REQUIRED ACTION: All of the lines below should be output exactly as shown.

RECORDED INFORMATION:
------------------------

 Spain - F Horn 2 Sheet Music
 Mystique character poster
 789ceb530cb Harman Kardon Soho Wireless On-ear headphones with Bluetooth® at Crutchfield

------------------------

FINISHED TASK:
 Spain - F Horn 2 Sheet Music
 Mystique character poster
 789ceb530cb Harman Kardon Soho Wireless On-ear headphones with Bluetooth® at Crutchfield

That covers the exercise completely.